[Work required]
Give back exactly the lines from the one holding "QVIII_Golfturnier_2017-DSC_1213" to the bottom of the material, both included, and nothing more. No pictures.

[Recorded information]
════════════════════

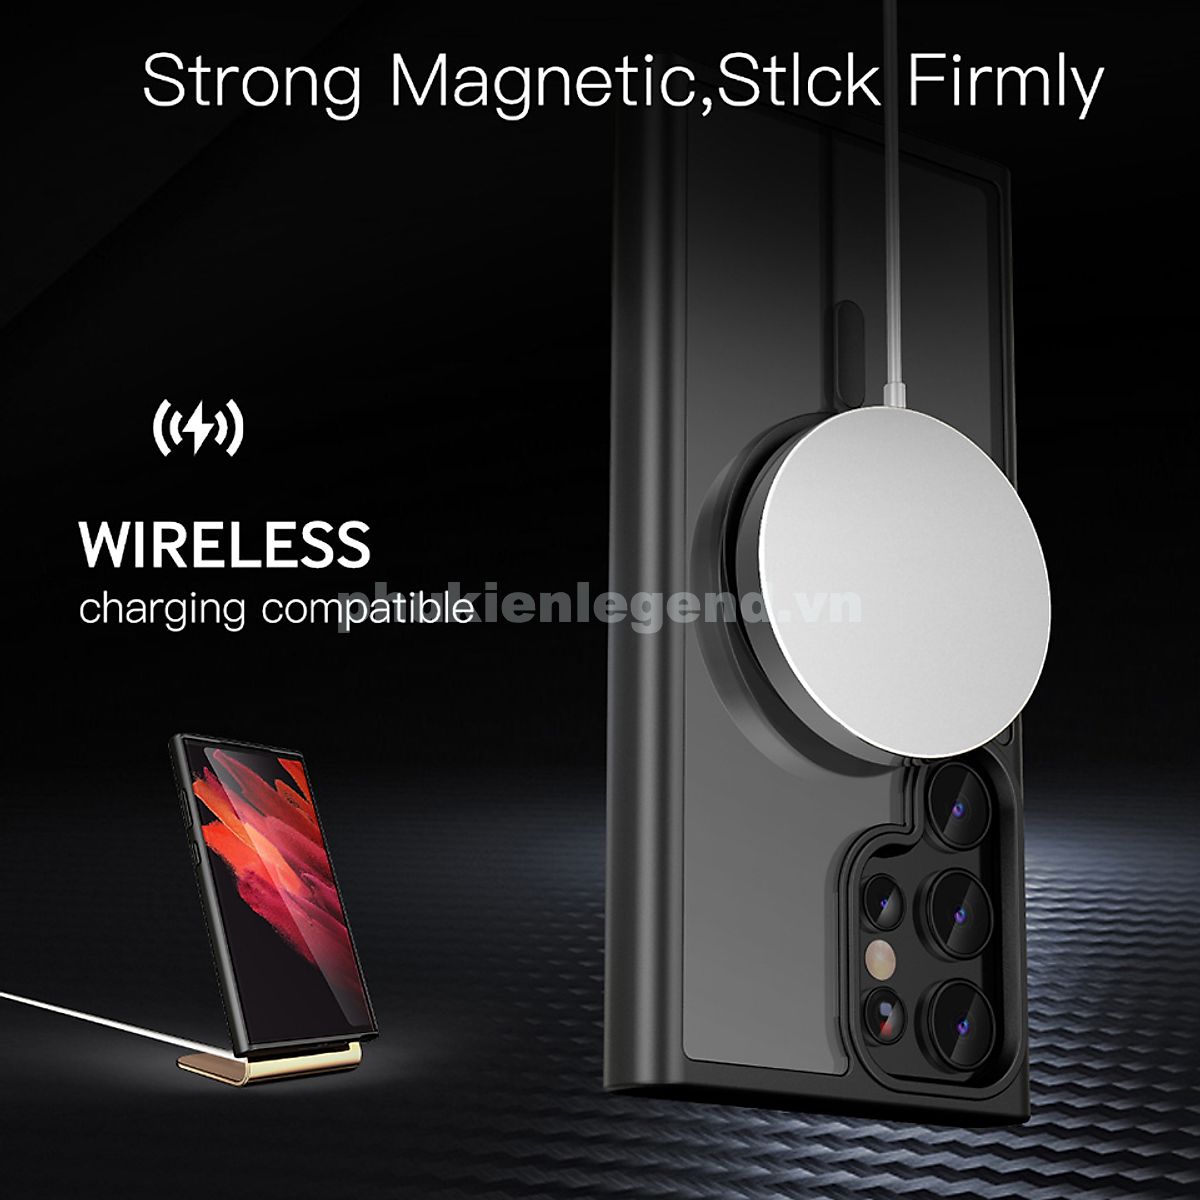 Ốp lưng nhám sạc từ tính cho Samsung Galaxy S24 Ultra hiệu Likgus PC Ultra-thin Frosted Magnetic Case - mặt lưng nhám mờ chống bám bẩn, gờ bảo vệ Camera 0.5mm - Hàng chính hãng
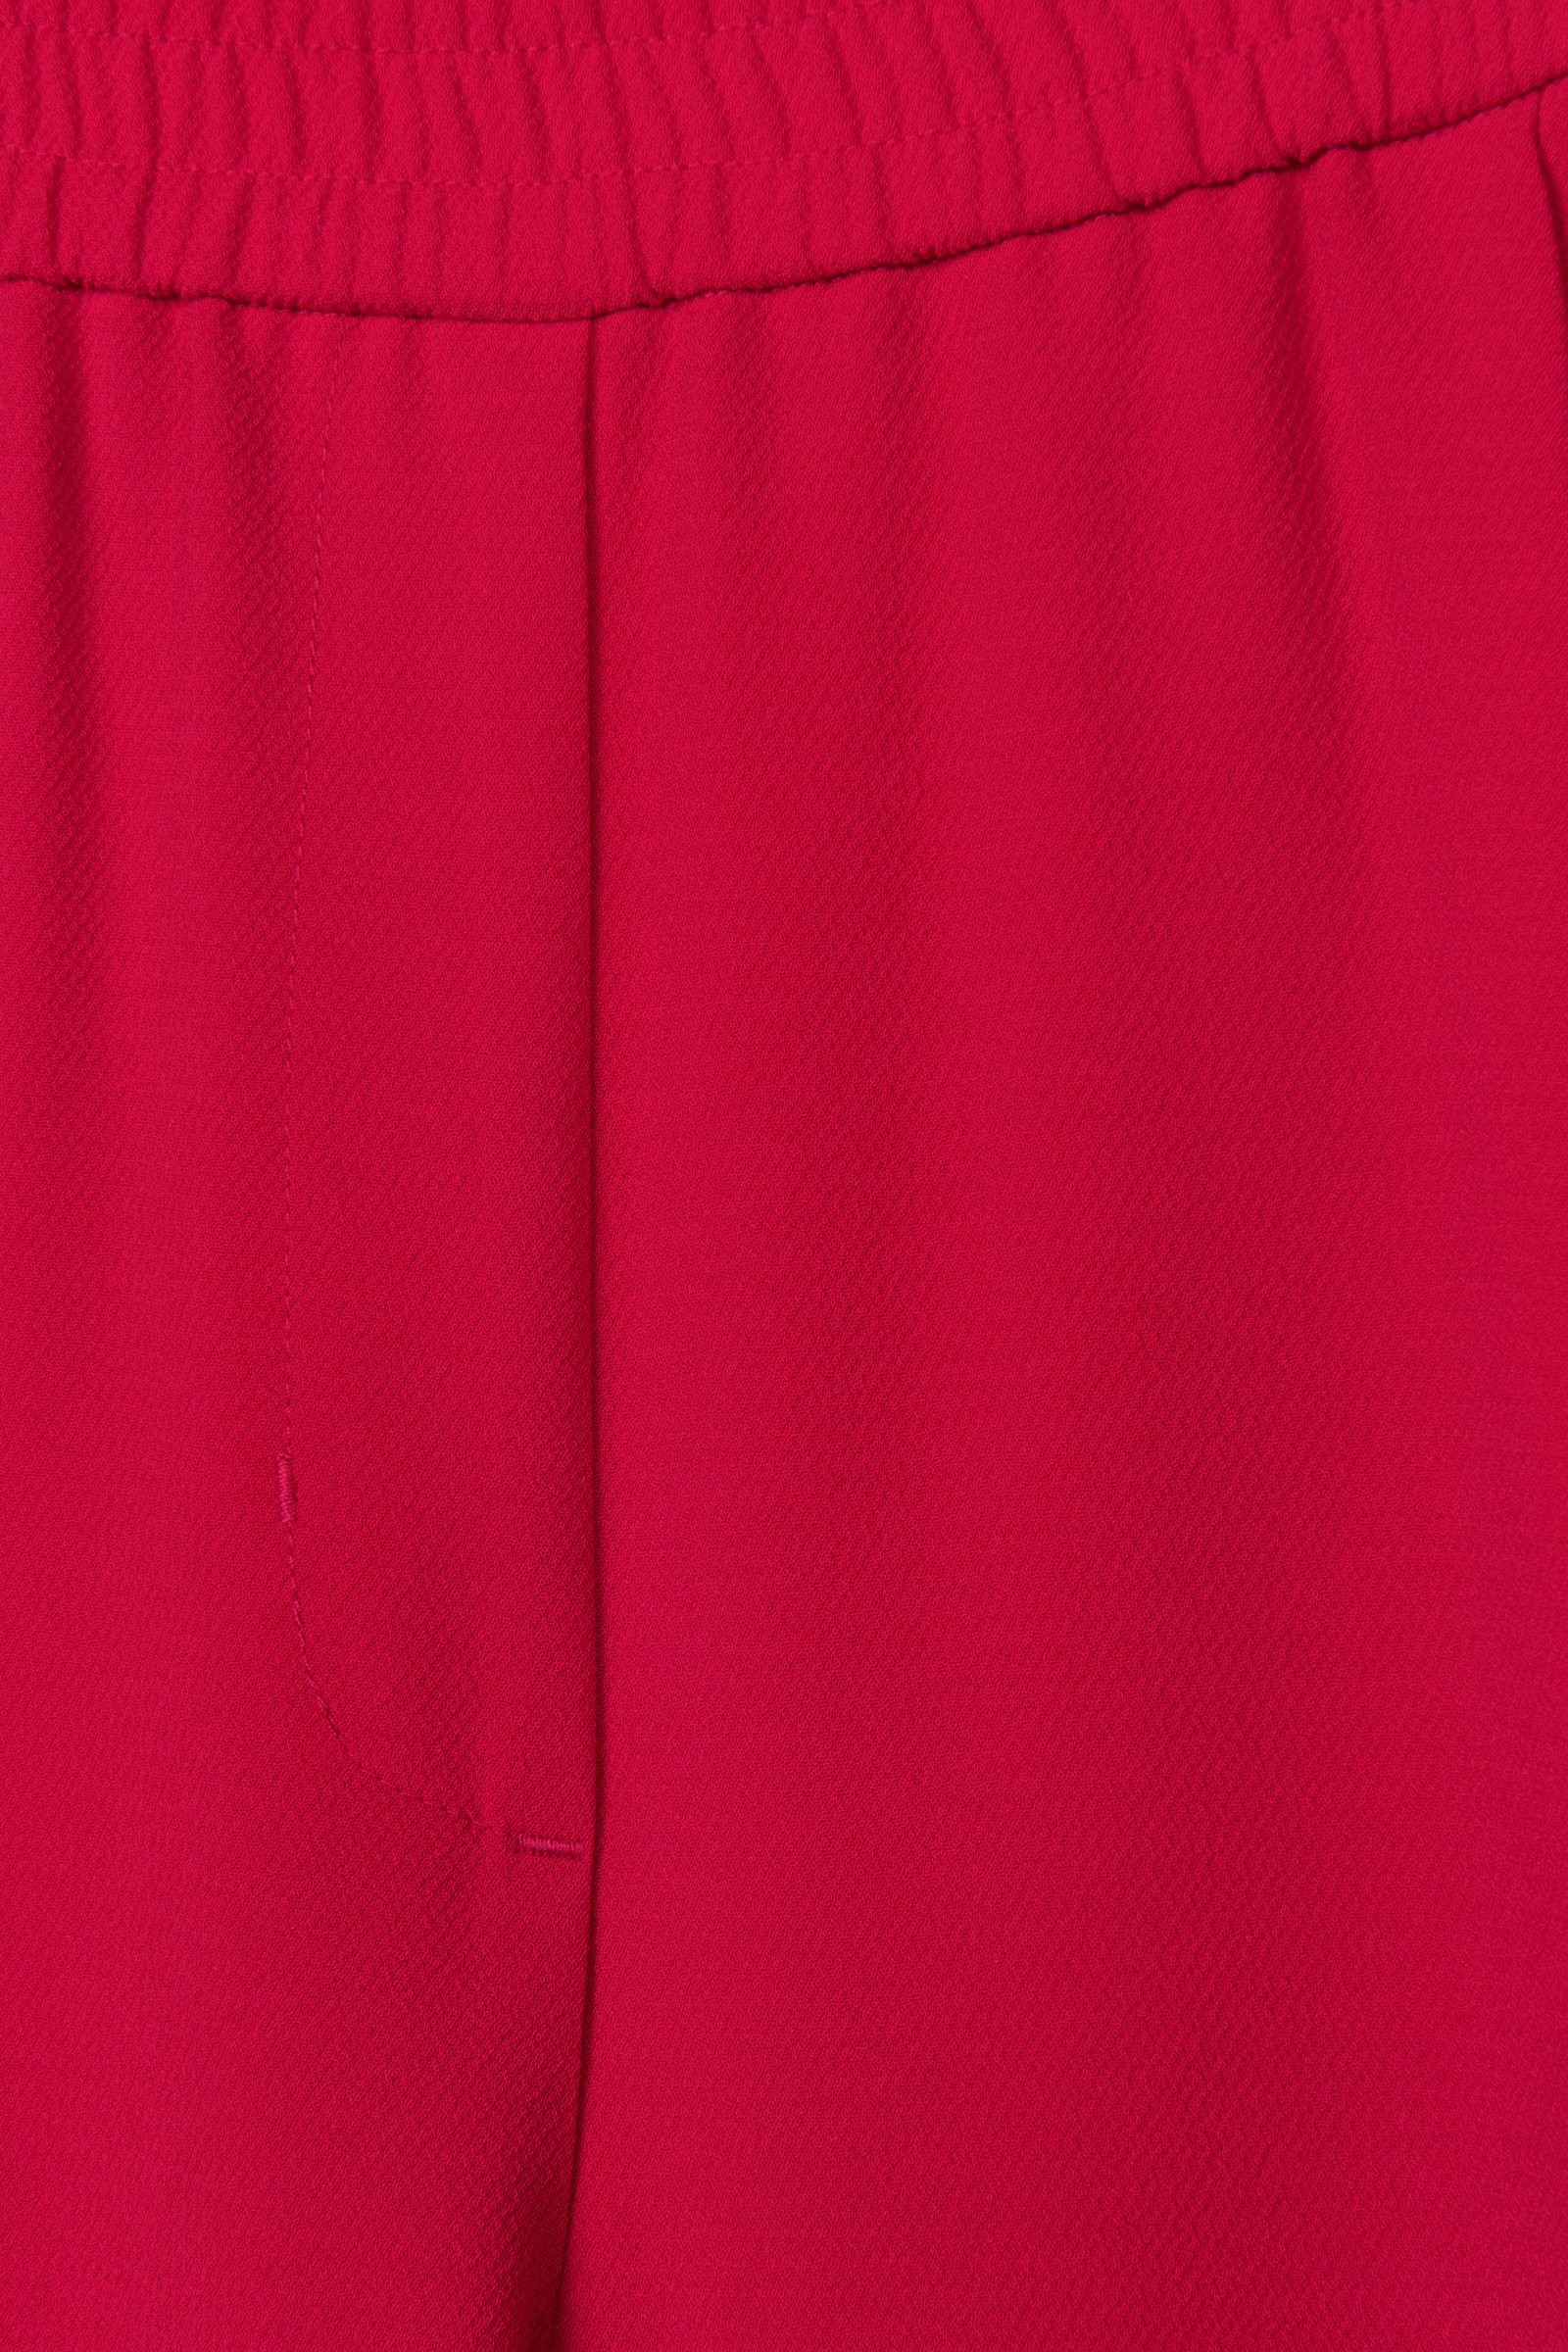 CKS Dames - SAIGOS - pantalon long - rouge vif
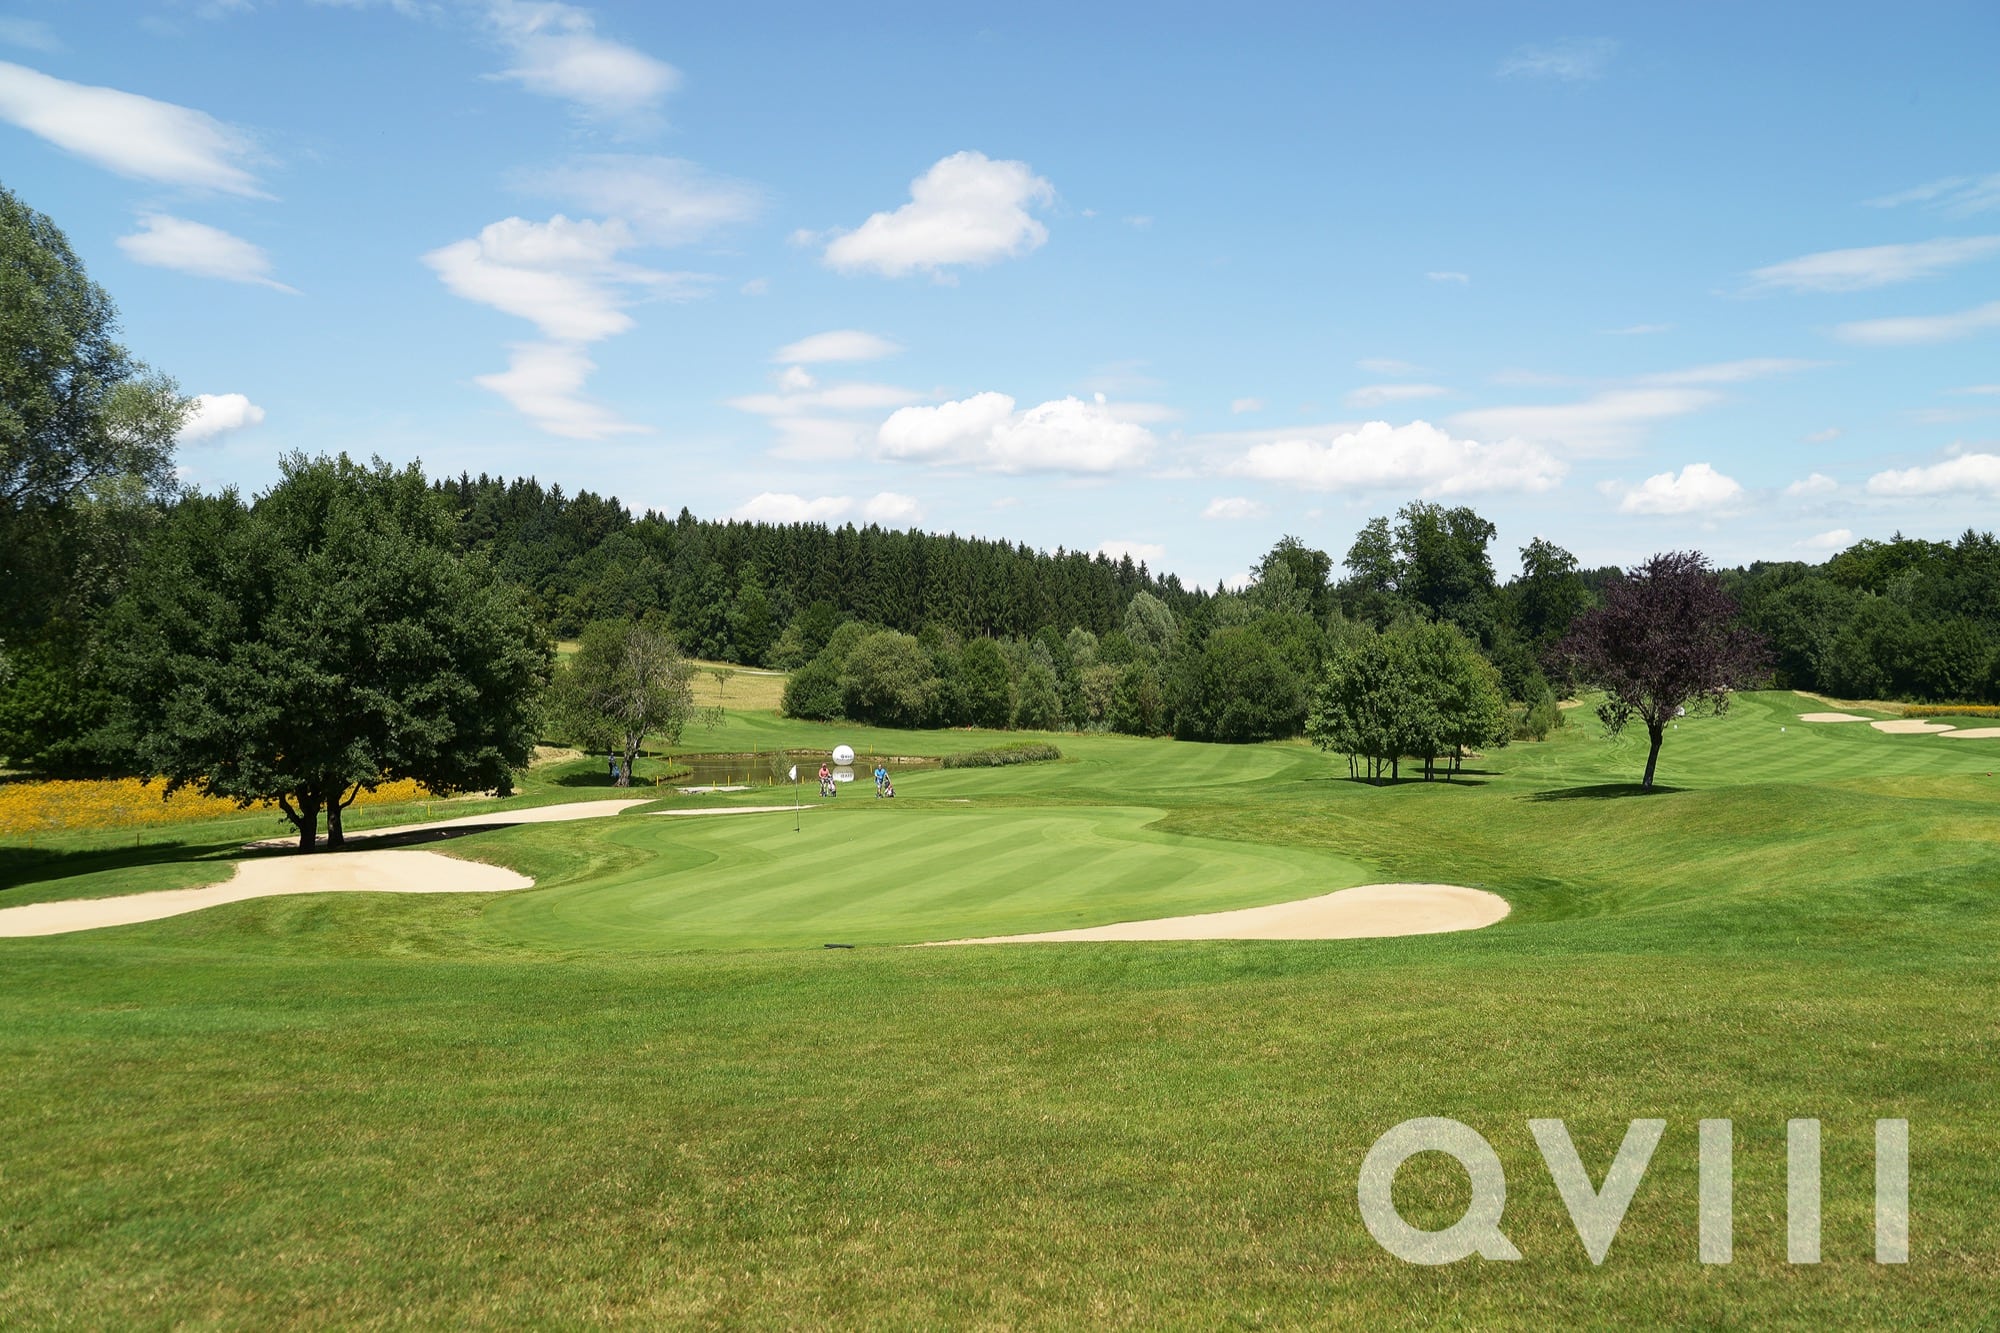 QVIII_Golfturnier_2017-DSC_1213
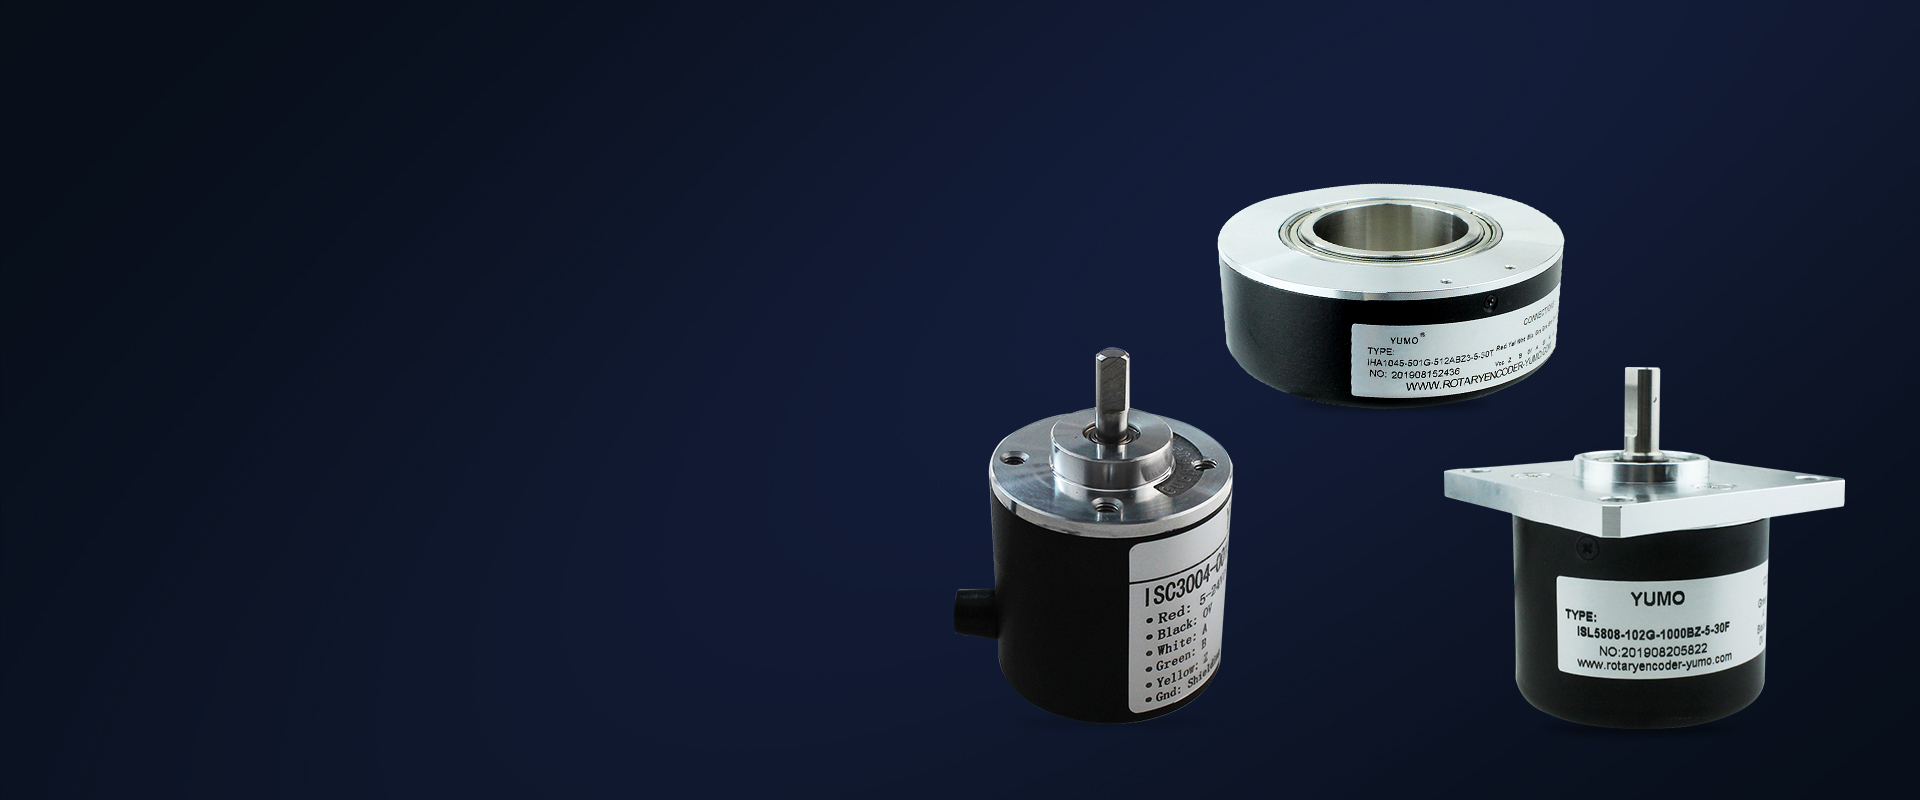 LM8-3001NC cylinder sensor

════════════════════

[Your solution]
 QVIII_Golfturnier_2017-DSC_1213
 LM8-3001NC cylinder sensor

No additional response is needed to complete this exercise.